### Exercise directions
Once you find the line with "網紅行銷分析選擇工具-Noxinfluencer｜鯊客科技SEO網路行銷公司" in the listing below, set down exactly every line from it through the line with "Vista aérea de", but no pictures.

### Records for processing
######

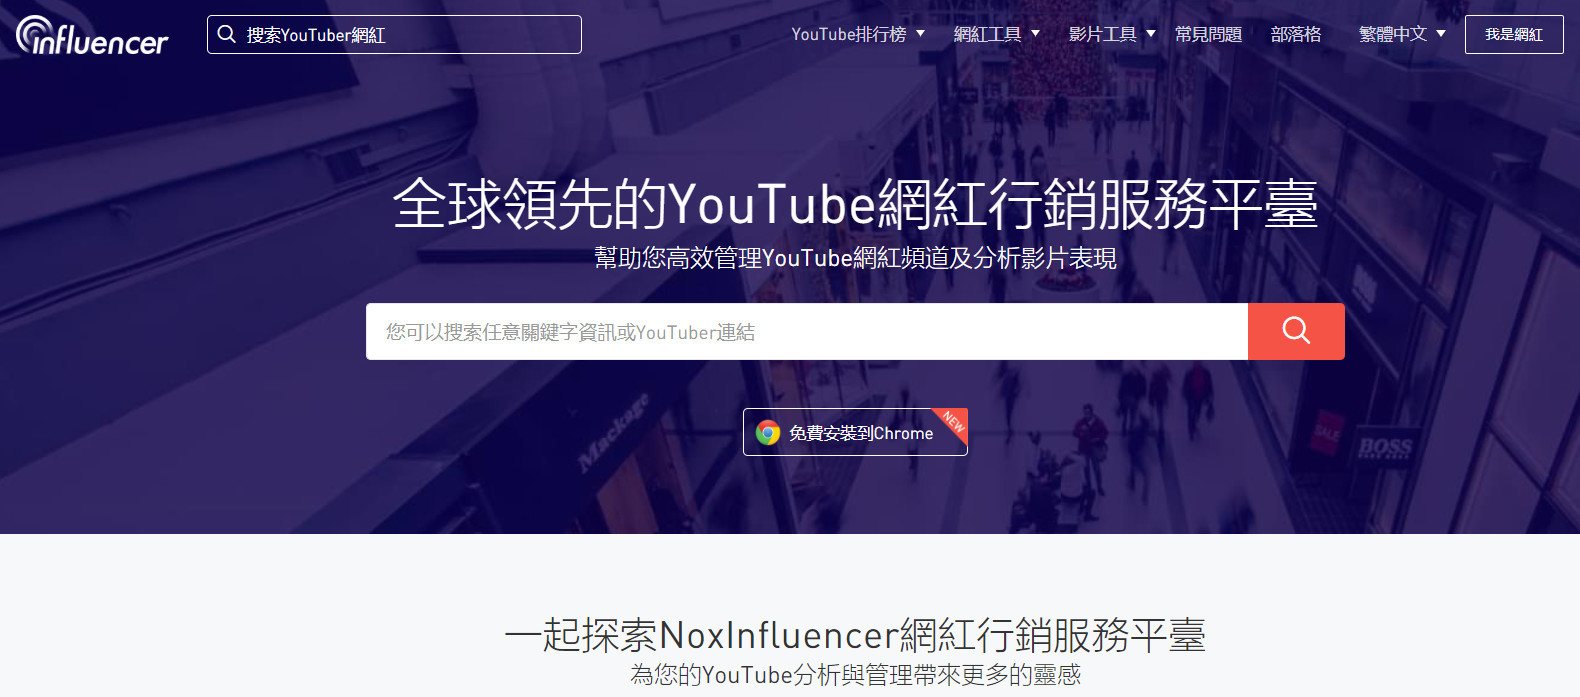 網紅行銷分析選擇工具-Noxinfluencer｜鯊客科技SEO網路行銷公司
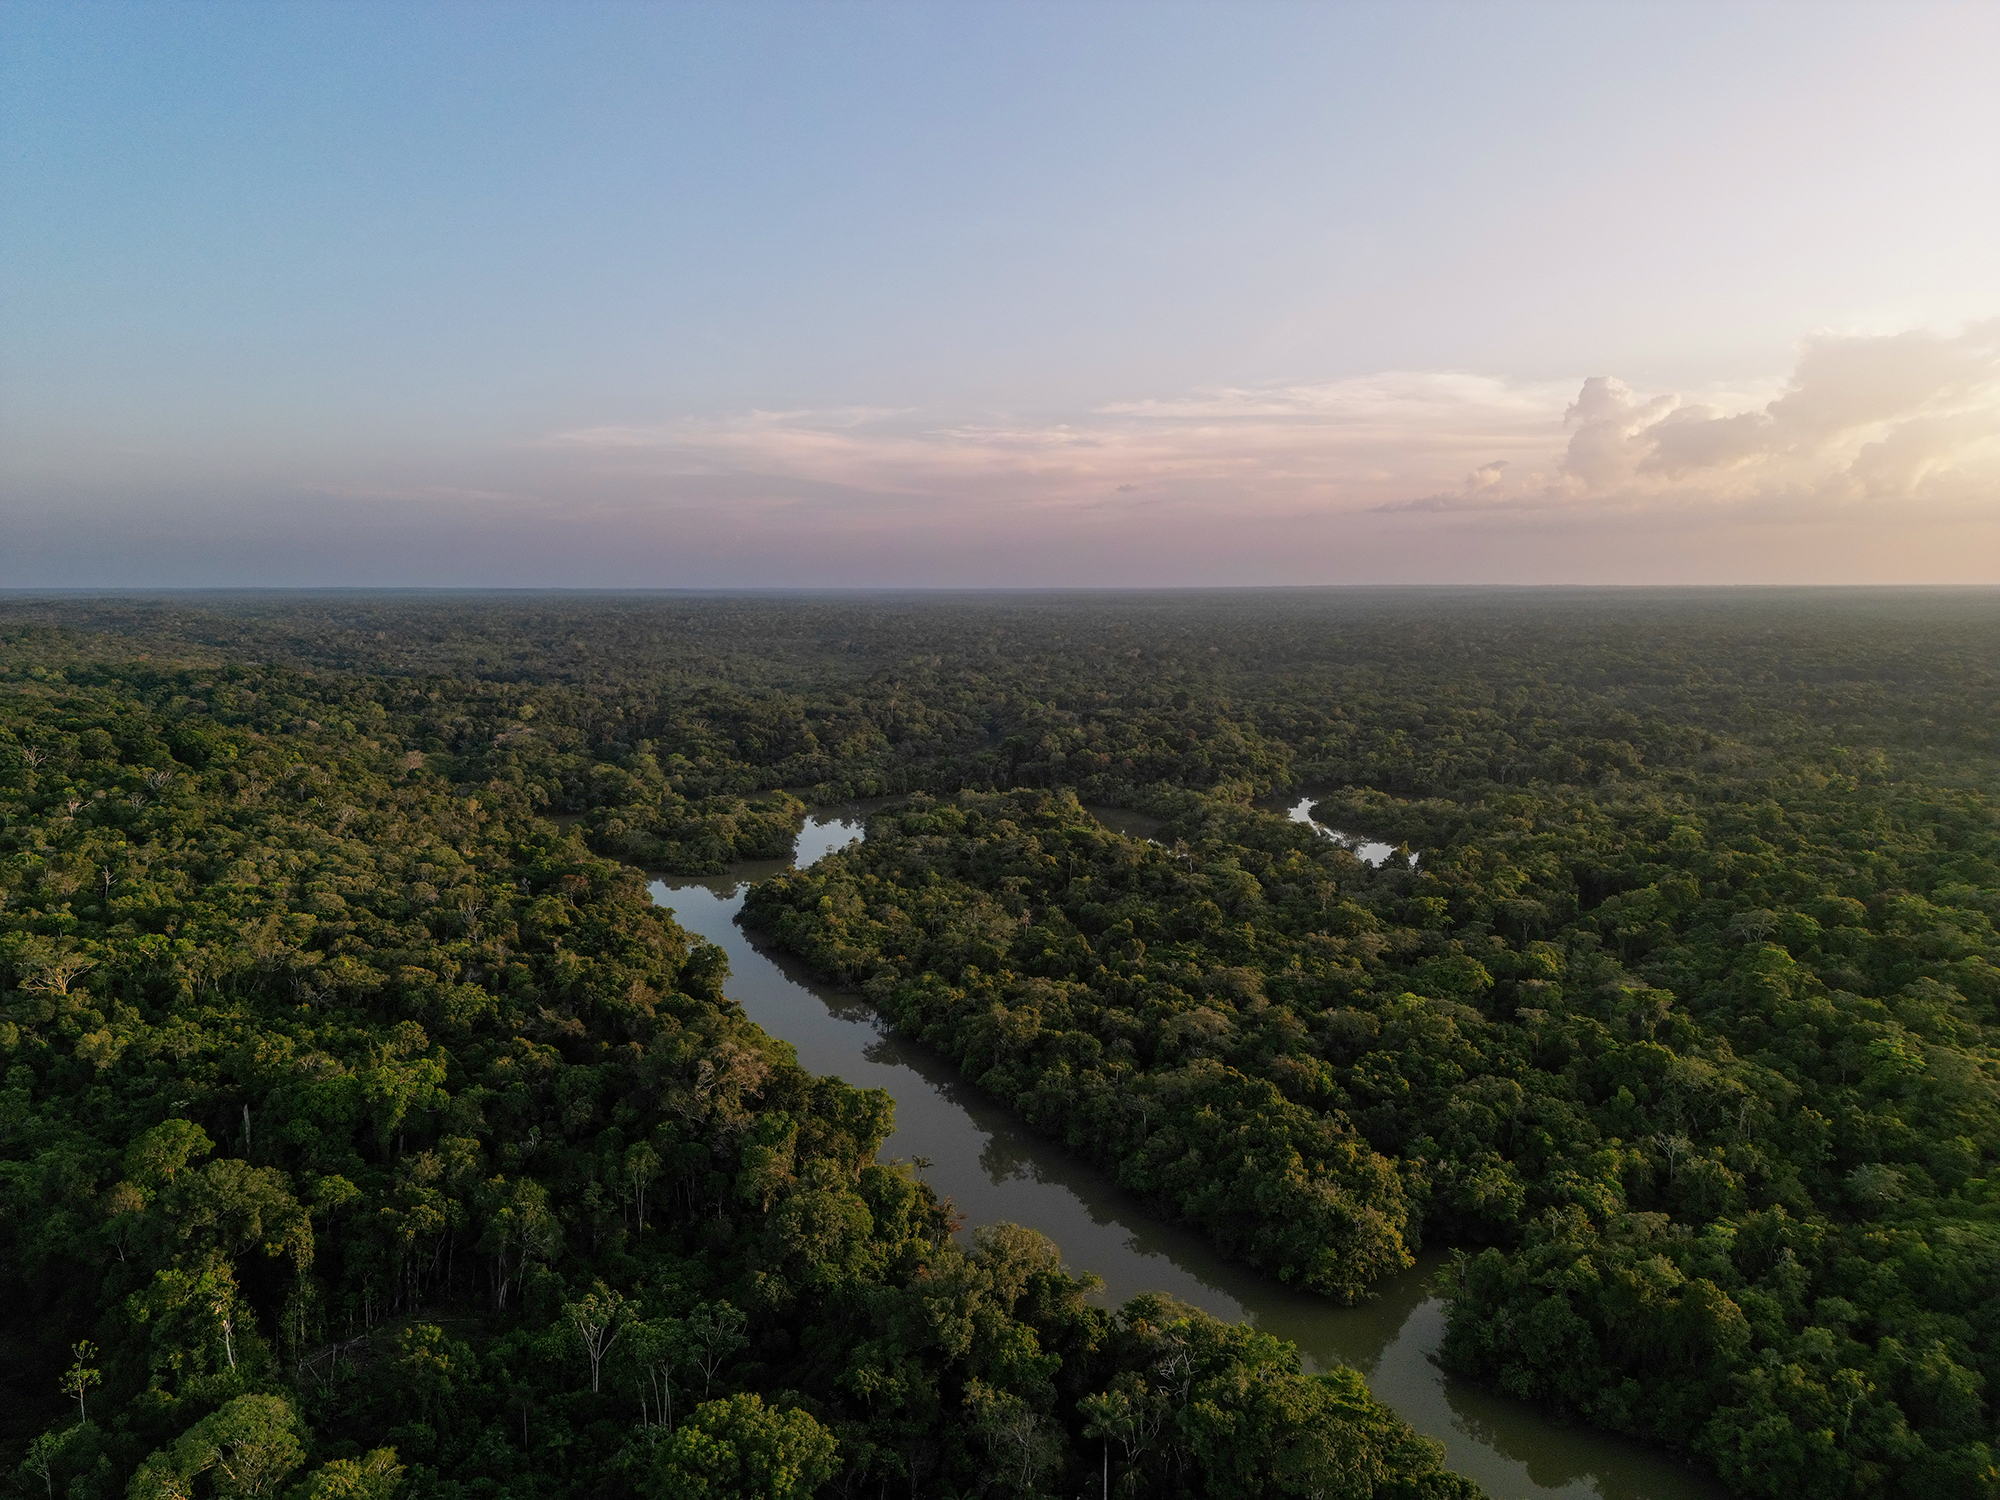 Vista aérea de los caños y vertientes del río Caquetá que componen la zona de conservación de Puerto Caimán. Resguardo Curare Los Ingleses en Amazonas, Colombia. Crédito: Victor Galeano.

######

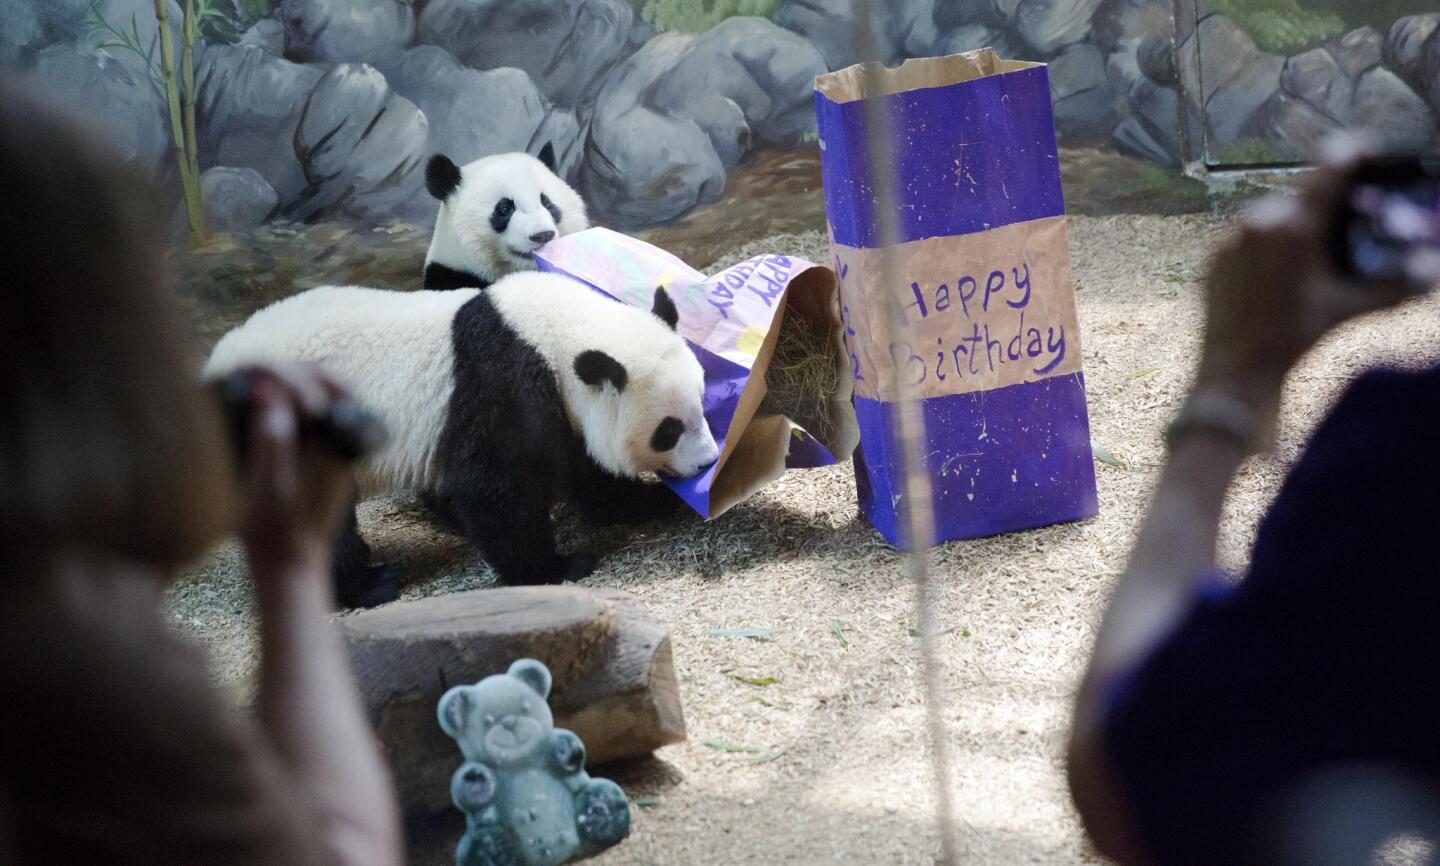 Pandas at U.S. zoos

######

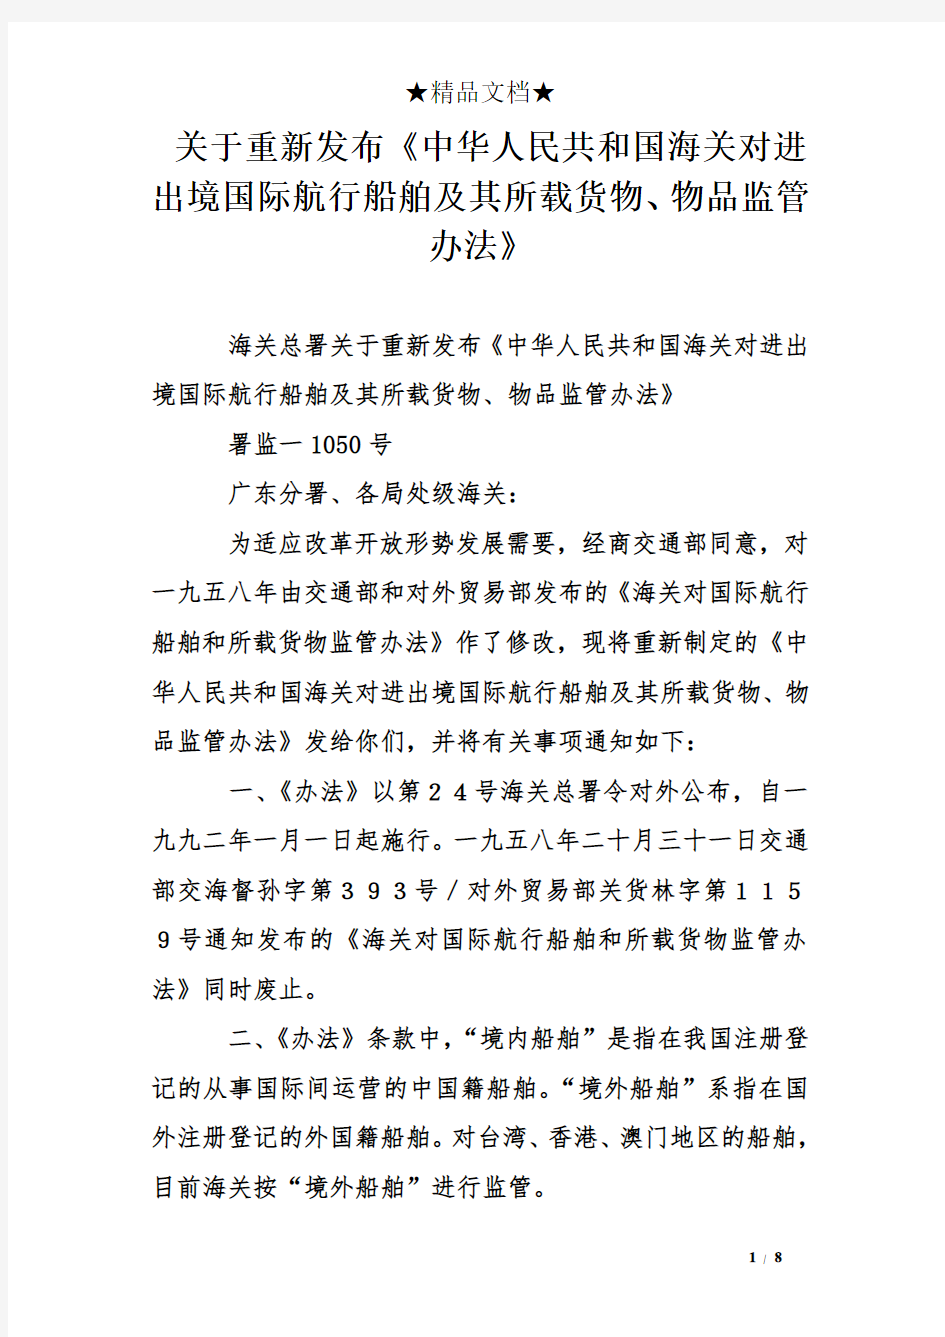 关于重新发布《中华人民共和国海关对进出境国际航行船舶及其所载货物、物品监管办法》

######

### Task output
 網紅行銷分析選擇工具-Noxinfluencer｜鯊客科技SEO網路行銷公司
 Vista aérea de los caños y vertientes del río Caquetá que componen la zona de conservación de Puerto Caimán. Resguardo Curare Los Ingleses en Amazonas, Colombia. Crédito: Victor Galeano.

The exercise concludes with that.